It has been a while since I have written or spoken about a2 Milk. I know that a lot of people either own the stock or at least have an interest in it. a2 for those that do not know, trades on the NZX under the ticker code ATM and on the ASX under the code A2M. They have a market cap of somewhere in the region of $10 to $11 billion NZ, they are one of the most significant companies on the NZX. They have recently released their annual report for the 2019 financial year. Now there are a lot of people that will know a lot more about a2 than what I do so I will not dive too deep into the qualitative aspects but I will just highlight some things that stuck out for me from the report and presentations.

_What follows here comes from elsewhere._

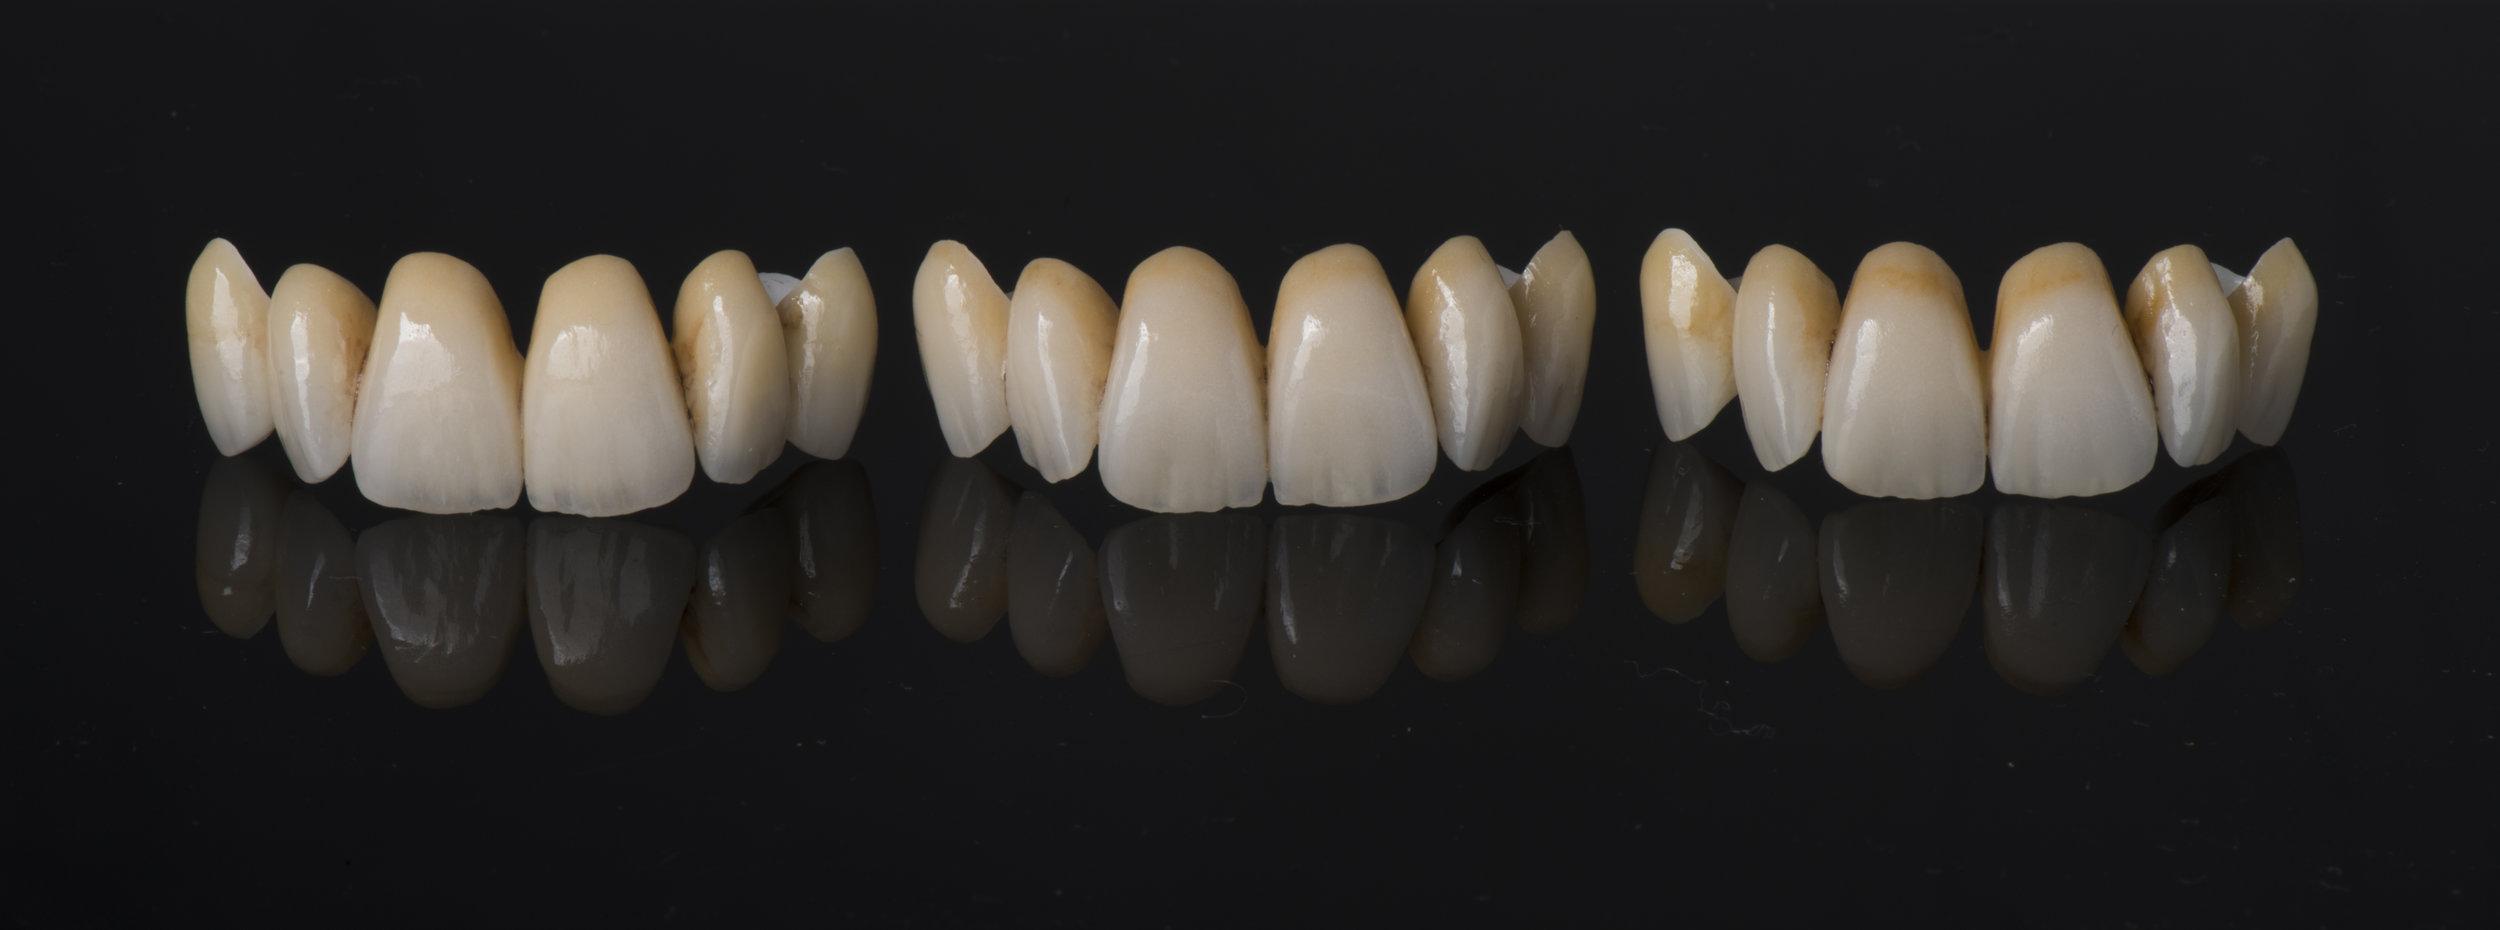 Fotografía del caso terminado (3 puentes, misma silicona, mismo resultado)

Obviously there are the things that the company has pointed out on the first page as highlights, 6.4% infant nutrition value share in China and leading brand in Australia, infant nutrition value share sounds like a bit of a mouthful to me, maybe a company invented metric? Number one premium milk brand in Australia with an 11.2% market share. I guess the question is how large can the market share get? In this sort of business, you are taking market share from someone else, so one would expect it to get harder as the percentages get higher, although I do acknowledge that the market for infant formula is growing and there might just be enough to go around. They also had a 64% increase in the number of stores in China to a total of 16,000 stores. Revenue in the US revenue increased 161% with 13,000 stores, so those are big numbers.

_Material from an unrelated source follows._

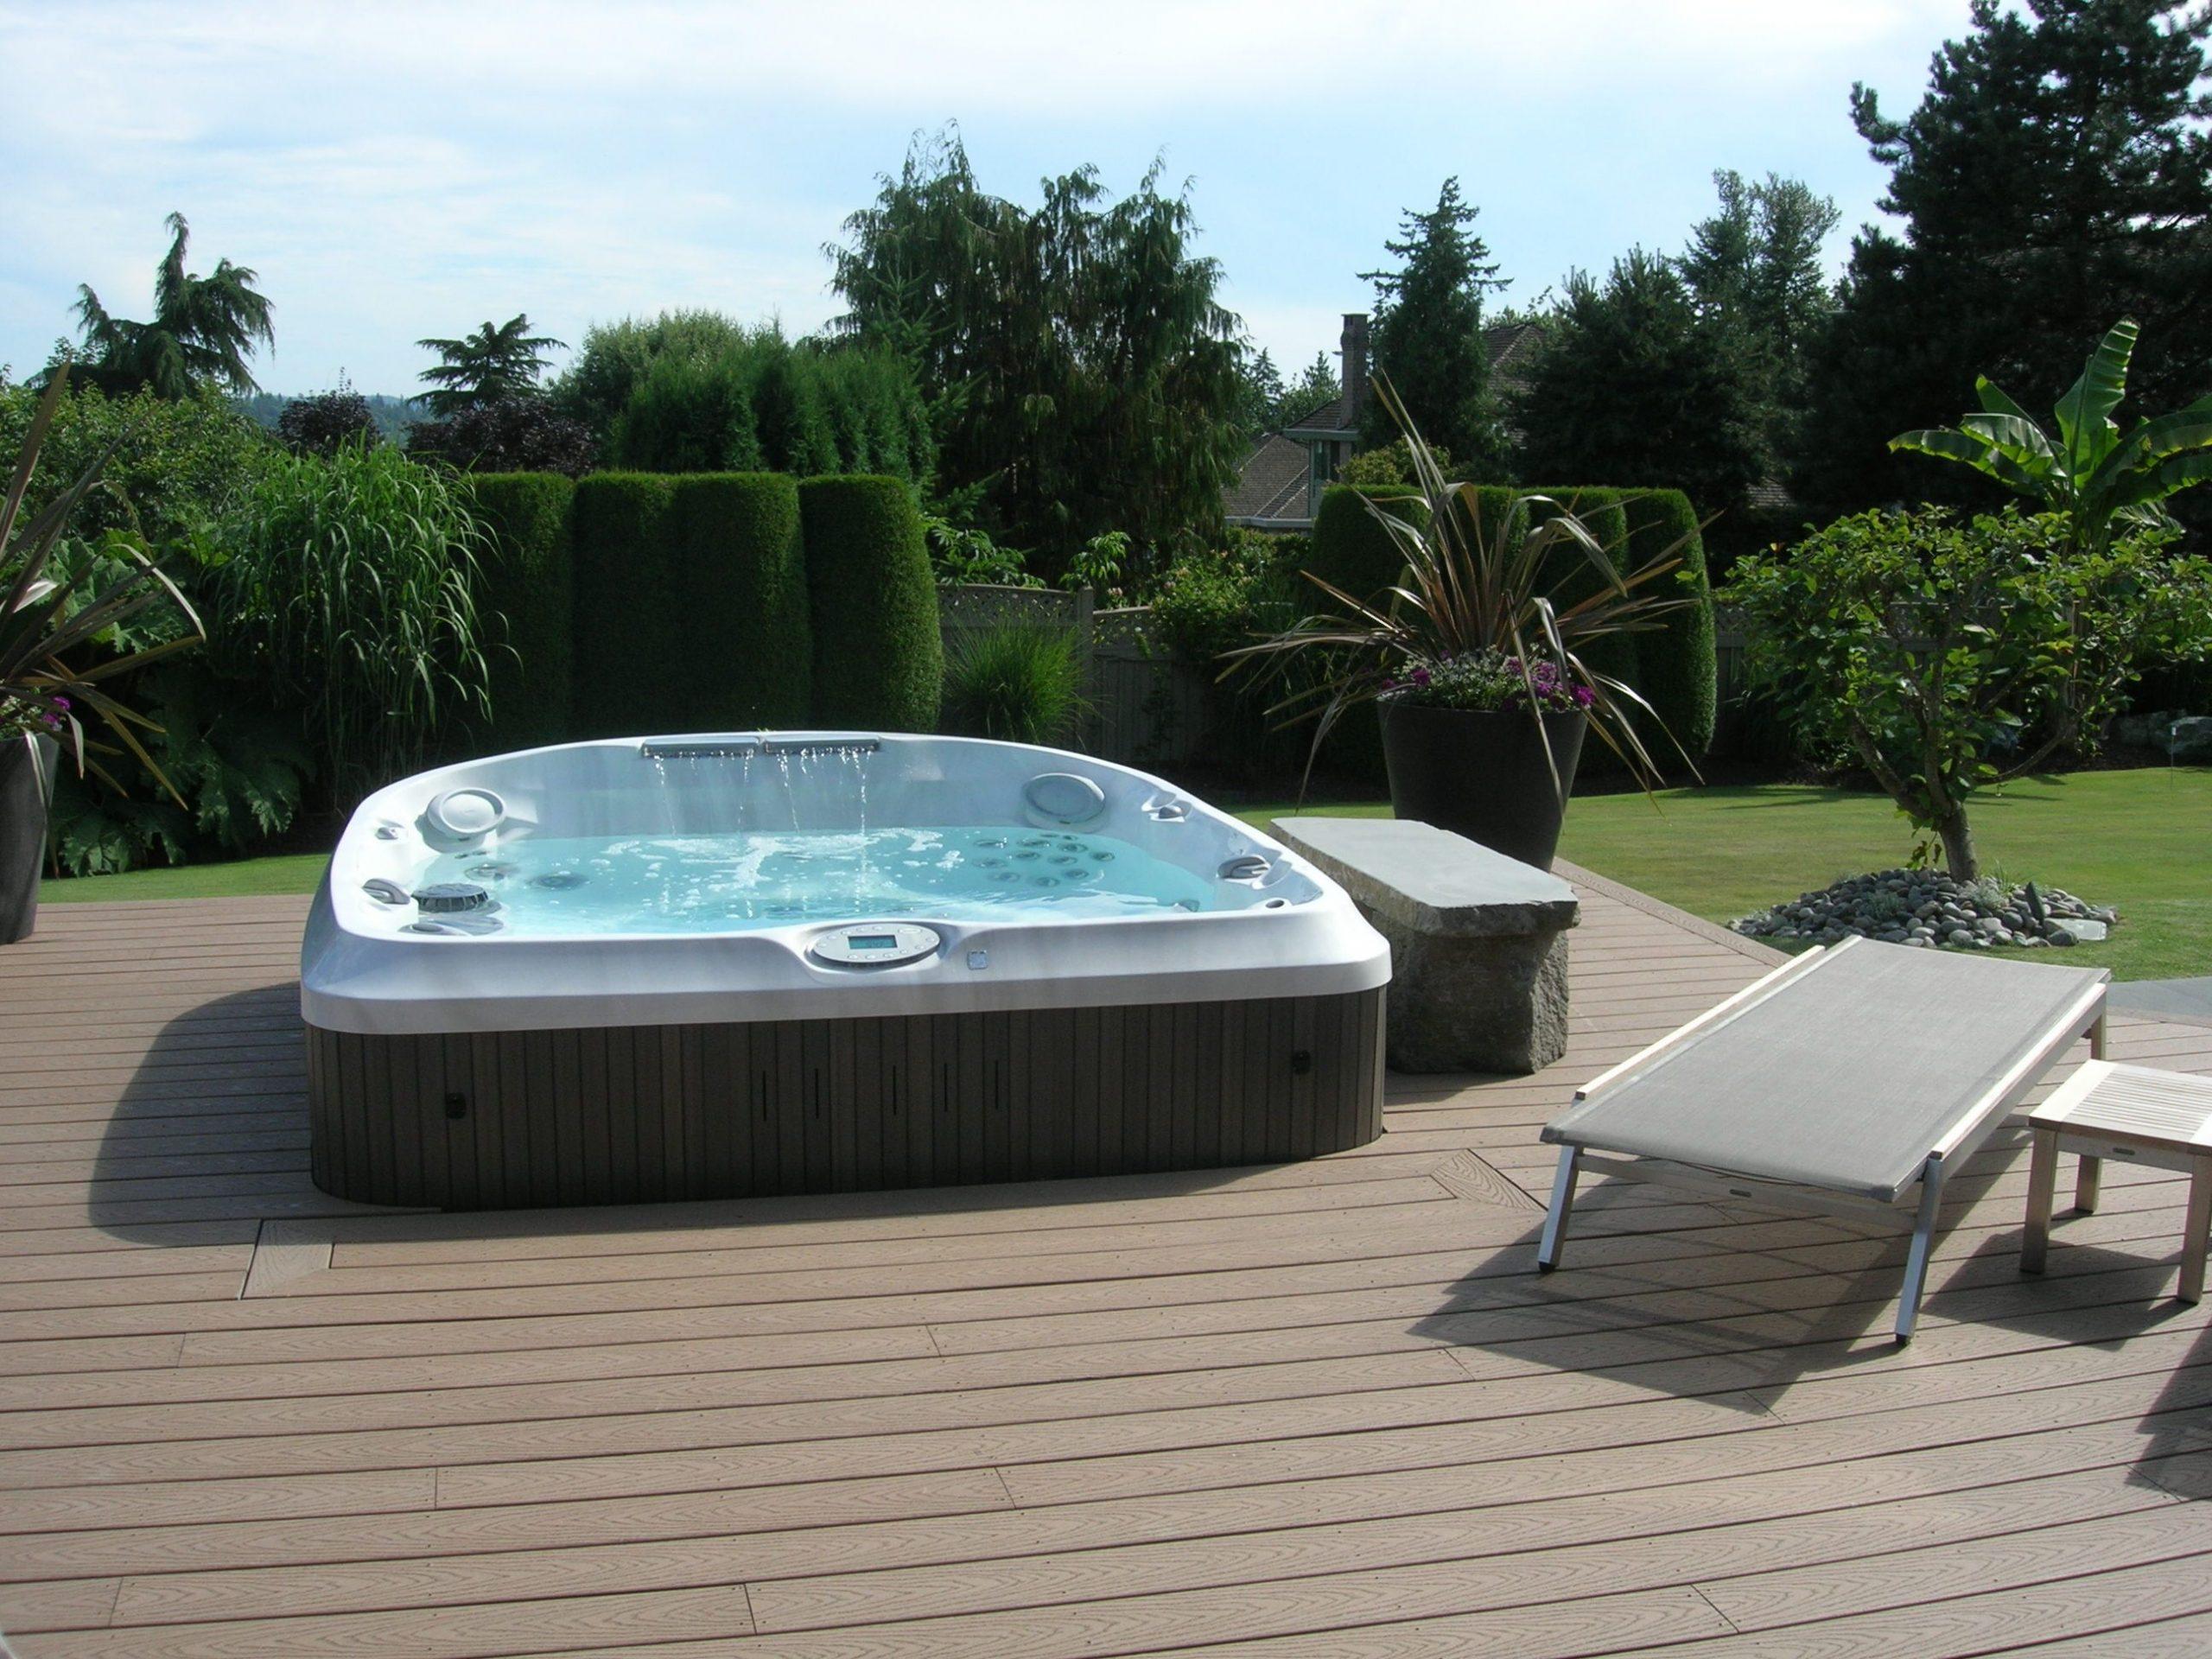 Un Spa Jacuzzi® Semi-Encastré Dans Une Terrasse En Bois #spa ... concernant Jacuzzi Pour Jardin

The chairman and CEO letter was a bit boring, same old stuff that you normally see. In fact, let’s just skip the letters and the qualitative stuff and get right to the nitty-gritty of the financial statements. Revenue came in at $1.3 billion, a substantial 41% increase on the $900 odd million the year before. Gross margins were 54.7% compared to 50.3% in 2018. So nice to see an expansion of gross margins, so not only are they selling more, as in they are growing, but it is more profitable growth, which is obviously exactly what you want to see. It will be interesting to see if this trend can continue. This combination of revenue and margin expansion is rarer than you might think!!

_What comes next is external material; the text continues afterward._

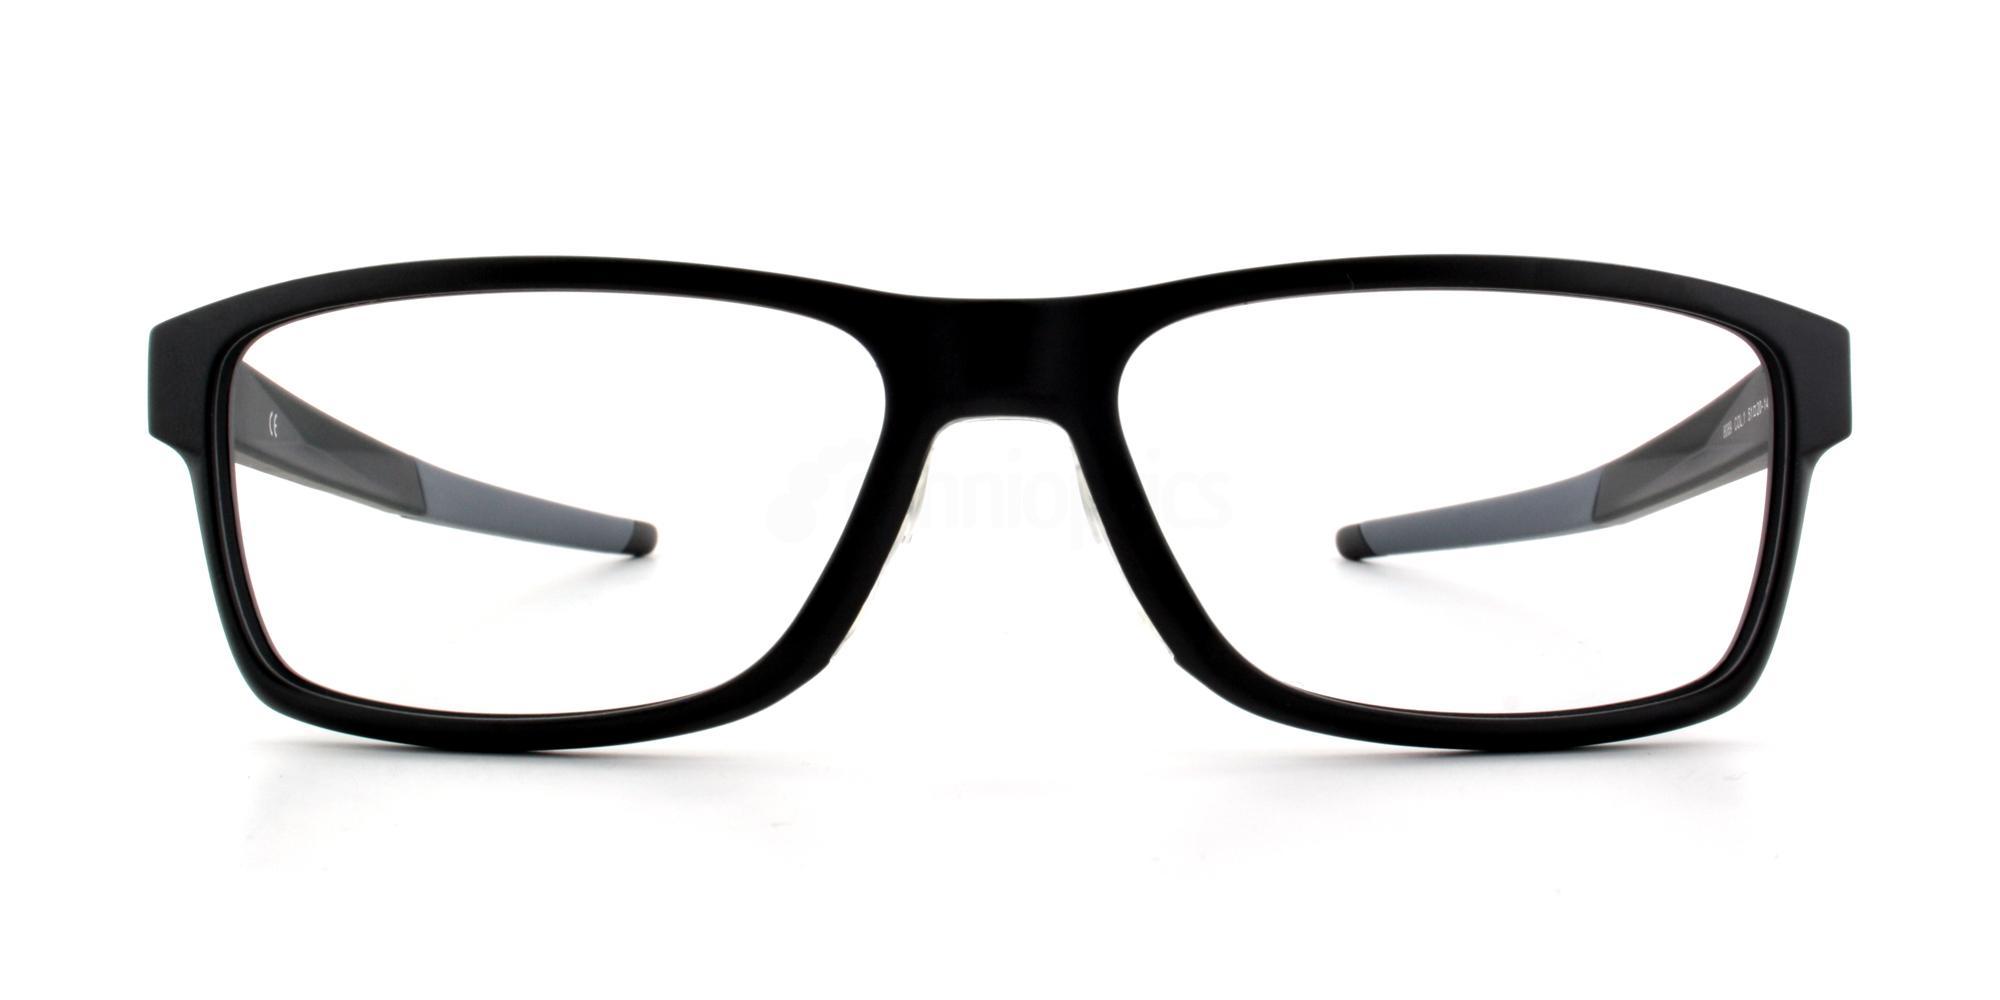 Col. 1 8089 Glasses, Aero

This margin expansion flowed down to operating profit, with a 31.5% operating margin, compared to 30.5% the year before, you have operating profits of $411 million for a market capitalisation of around $10.5 billion. So an earnings yield of around 4%. Which is not too bad considering how much of a darling and a following the stock has been and considering that your expectations would be that the operating profit will grow from here. It just shows how undervalued the stock was a few years ago.
Moving to the balance sheet. There are no current issues there. They have $464 million in the bank in cash, no debt. $675 million in current assets and only $205 million in current liabilities. They also own 17 odd per cent of Synlait Milk, interesting that they carry this on the balance sheet as a non-current asset, which suggests that they consider it a long term investment.
During the year they generated $289 million in cash, which wasn’t a massive increase from the prior year. The thing I love about a2 is that there is virtually no capital expenditure. So that net cash from operating activities is virtually just free cash flow. So they are able to grow just through marketing and advertising as opposed to more capital investments. It is quite impressive. It is almost how you would expect the cash flow statement from a successful software company to look. It is quite impressive. Looking cash flow, I wouldn’t be surprised if they started paying a dividend or buying back shares at some point. That is if they cannot find anything better to do with the money.
So they are a great company doing some great things. It truly is quite impressive. So why did the stock fall after earnings? I think it was down 12% or so after the update. And this can be quite confusing for both old and new investors. If a company puts out such a wonderful update why would the stock fall? It is often a head-scratcher. Now, this happens for reasons related to valuation. Other market participants had placed a higher valuation on a2 prior to the earnings with the expectations of better earnings. So the market was expecting more. I think when you consider a2s historical performance this is not unsurprising. I believe that a lot of people have invested in the company are invested because of its historical performance, both in terms of its business performance and the share price appreciation. That would be my warning to anyone buying the company, due to the law of large numbers, on a percentage basis a2 will not be able to deliver the per share appreciation that it has in the past. If they do they will be one of the largest companies in the world by market cap. As I say all the time it is a lot easier, I should clarify, I do not mean easy, it is easier to go from a market cap of $1 billion to $10 billion than from $10 billion to a $100 billion.
So what of the valuation? I think it is about right at the moment, they are priced with a cash flow yield of about what you can get in the bank. The difference compared to the bank is that you would have to expect that cash flow to grow. I do not think that you would consider the stock cheap. But it is not ridiculously expensive either. For me, it will be interesting to see what they start doing with their cash flow. I do not think they need more cash than what they currently have on the balance sheet, so that will be the one to watch for me.